Garrison information
- Past commanders: John March, Samuel Moody

= Fort Casco =

Fort Casco was an English fort built in present-day Falmouth, Maine in 1698. It was the easternmost English fortification in New England and served as the boundary between English settlement and Wabanaki territory.

English colonists fled Casco Bay following the Battle of Fort Loyal in 1690. In order to reestablish a presence in region, Massachusetts built a palisaded fort in New Casco on Casco Bay in 1698 at the conclusion of King William's War. Fort Casco was built at the behest of Wabanakis who desired a convenient place to trade and repair tools, while the British sought to foster better relations with Indians and pull them away from the French sphere of influence by providing them cheaper goods. Following the Fort Casco was the easternmost fort on New England's frontier during these years.
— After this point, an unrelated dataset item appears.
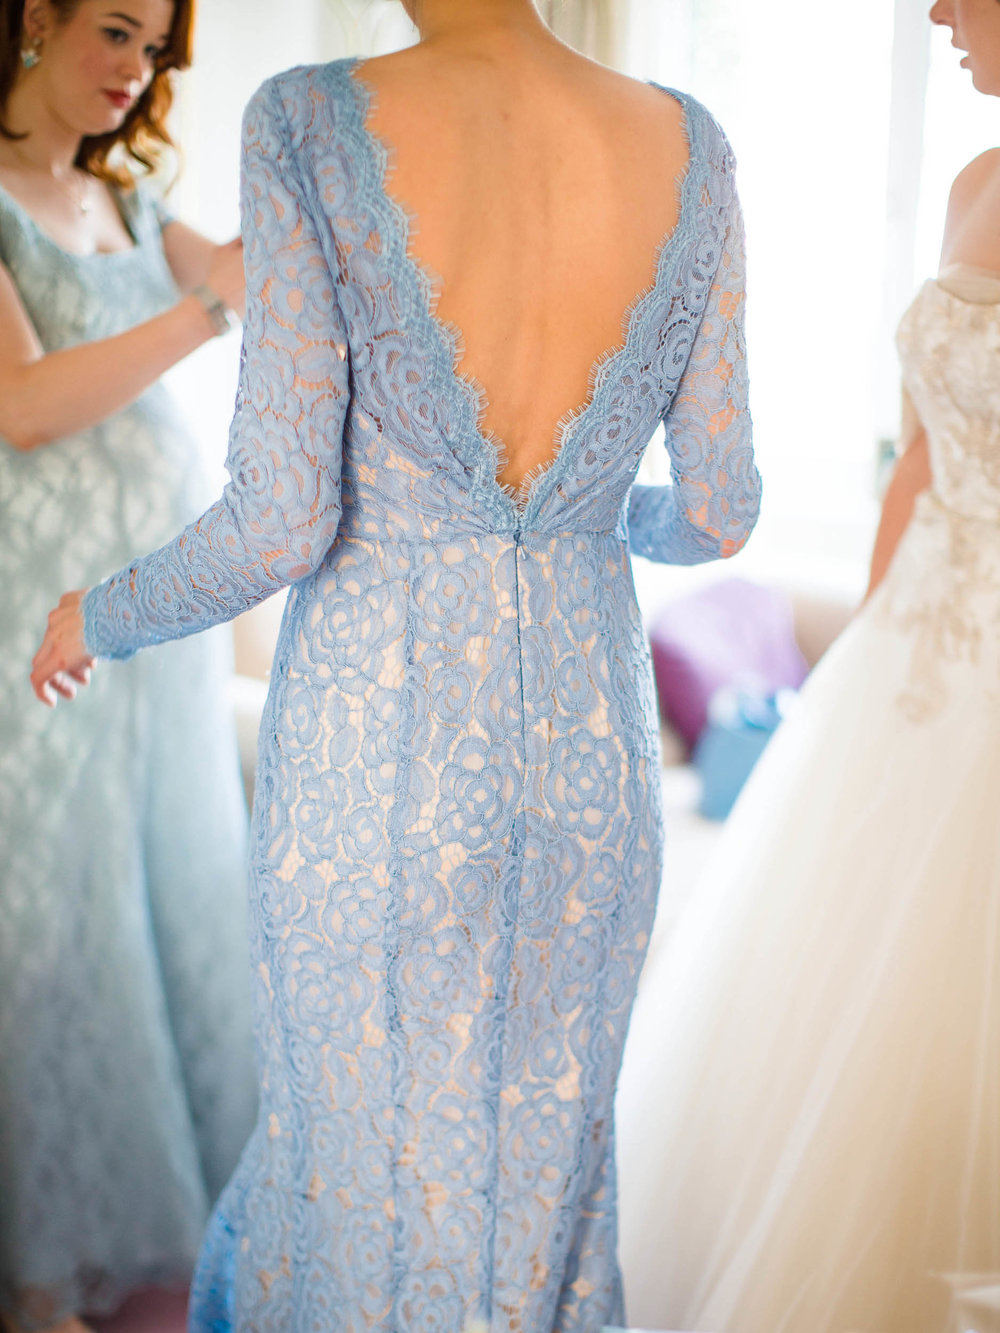 Amy O'Boyle Photography- Destination & UK Fine Art Film Wedding Photographer- Stoneleigh Abbey Wedding-29.jpg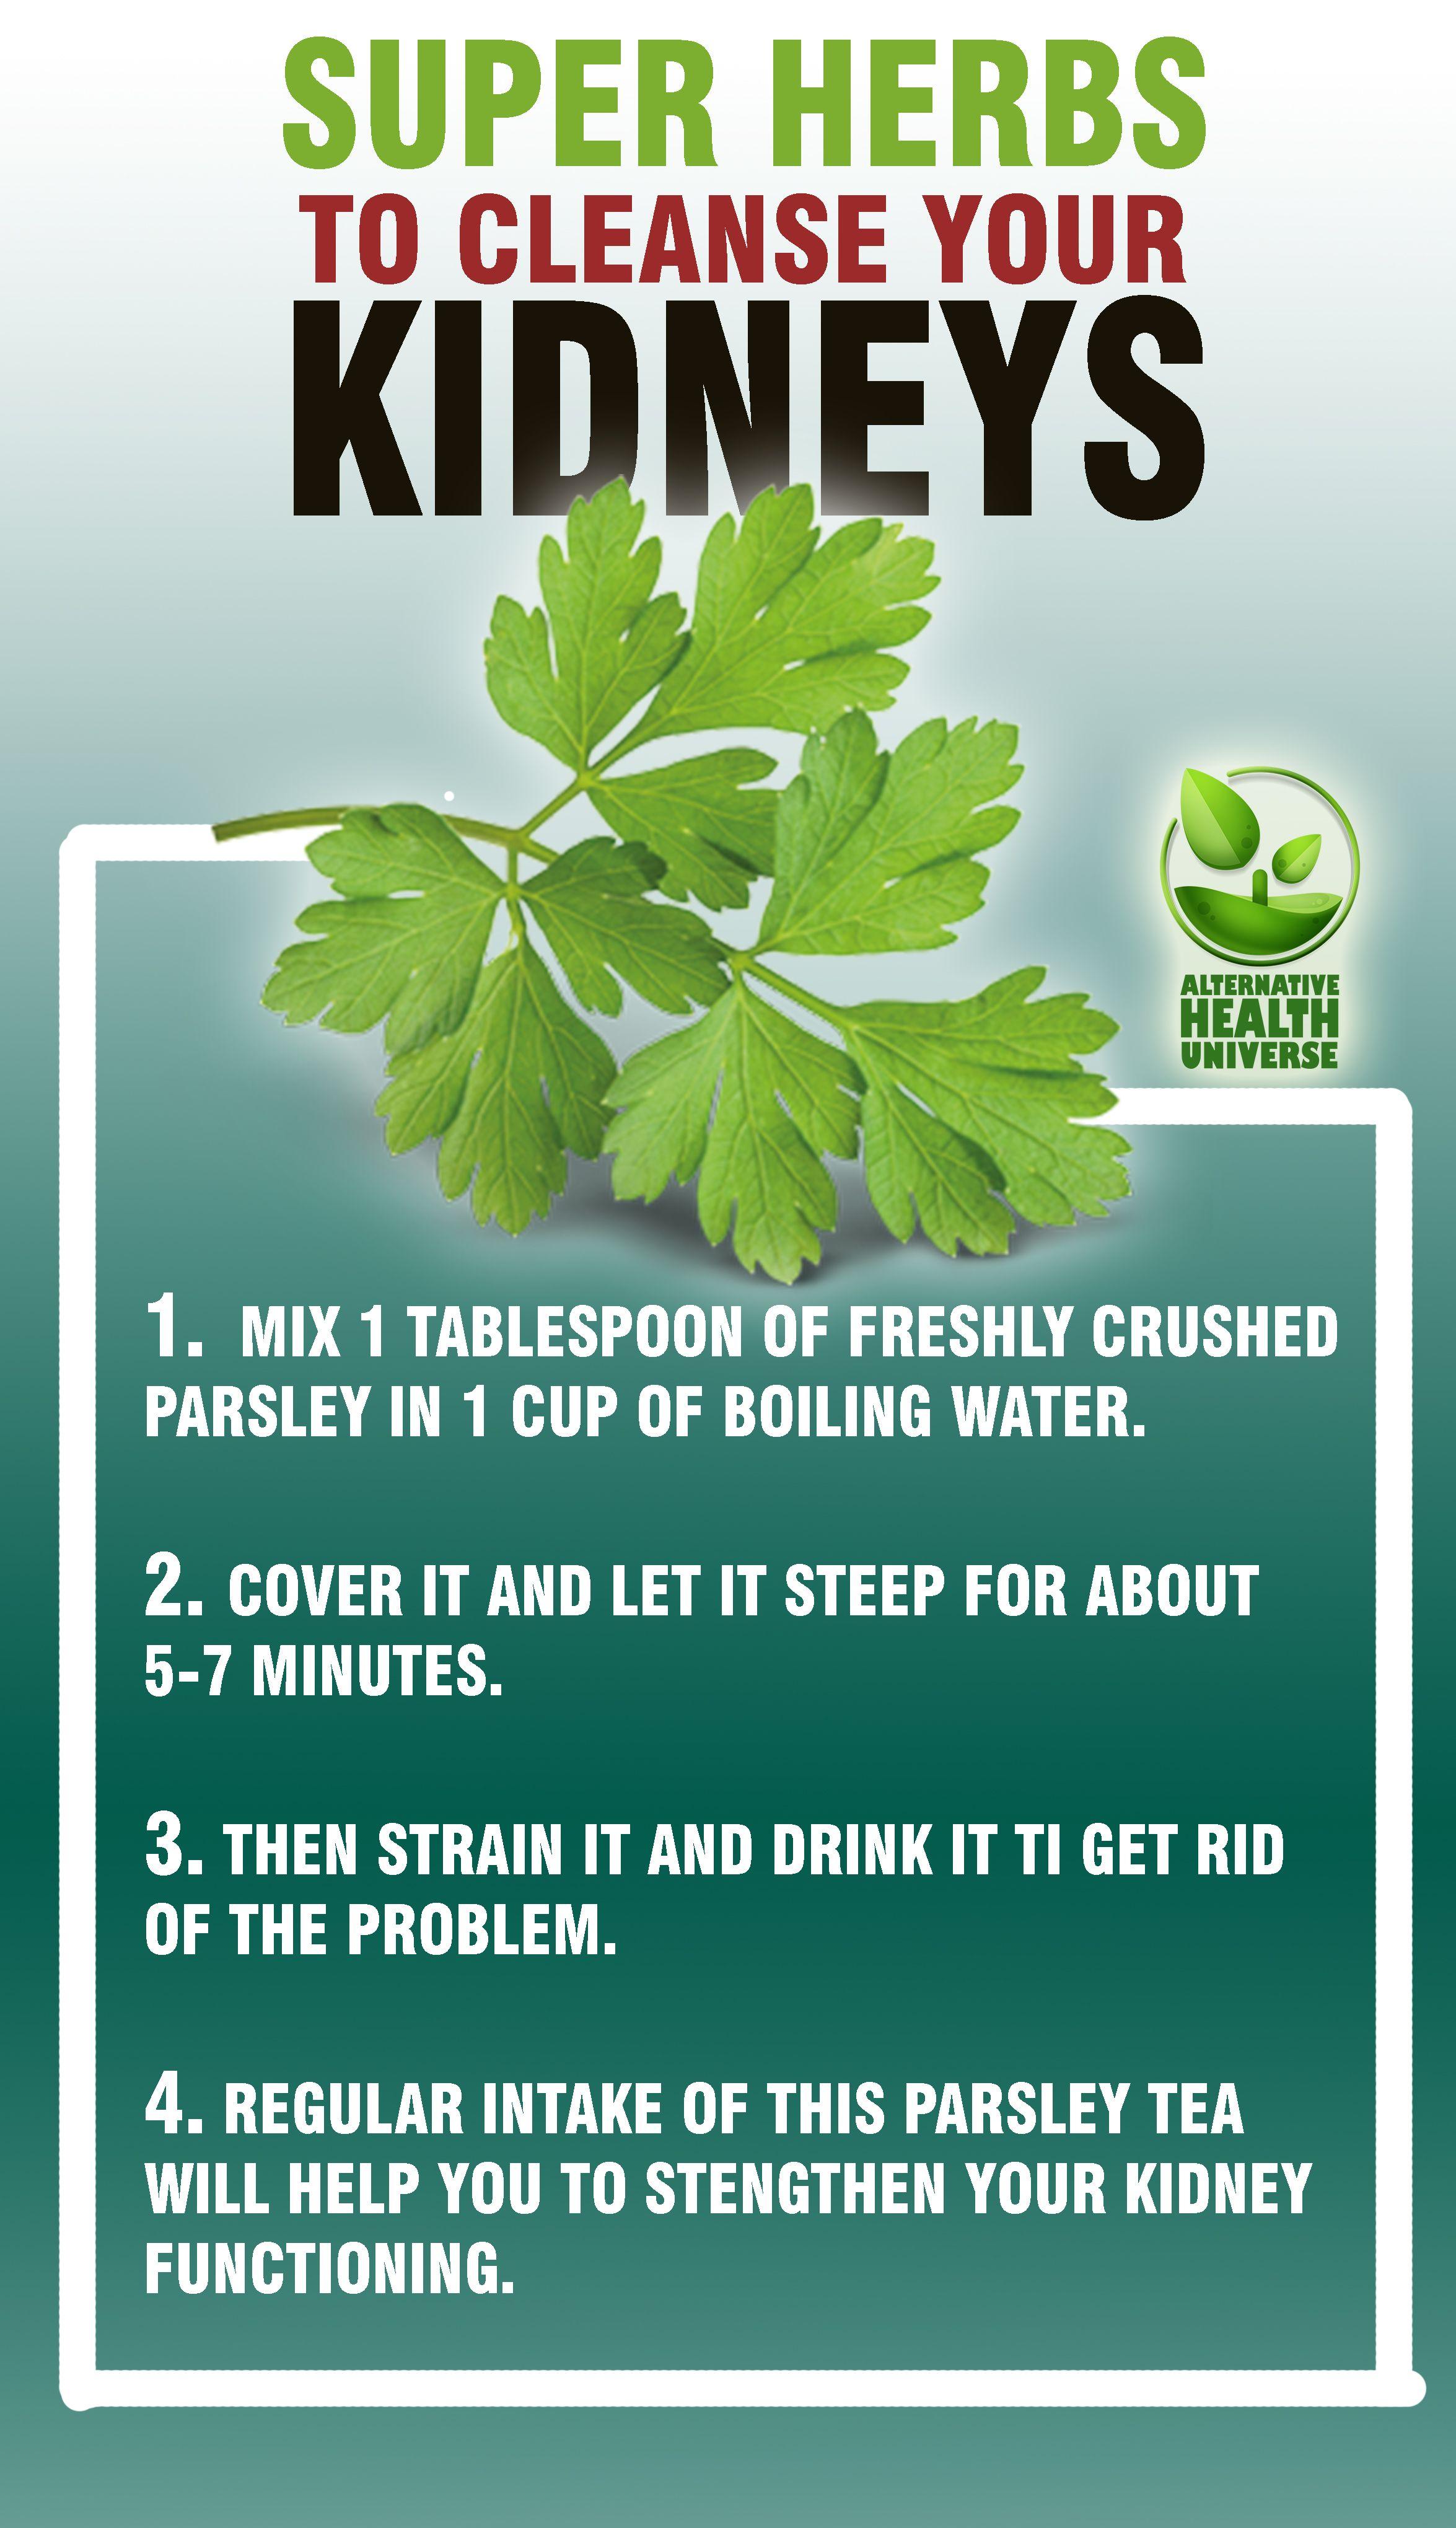 kidney detox herbs kidneys health cleanse super healthy natural drinks recipes friendly diet levels remedies juice creatinine foods cleansing food

A 1701 meeting between Wabanakis and Massachusetts officials cemented an alliance between the two. A pair of stone cairns were then erected to symbolize the new partnership. The nearby Two Brothers Islands later received their name from this monument.

Unfortunately peace would last less than three years, with the inauguration of Queen Anne's War in 1702. Governor Joseph Dudley held a conference at New Casco with representatives of the Abenaki tribes on June 20, 1703 trying to convince them not to ally with the French.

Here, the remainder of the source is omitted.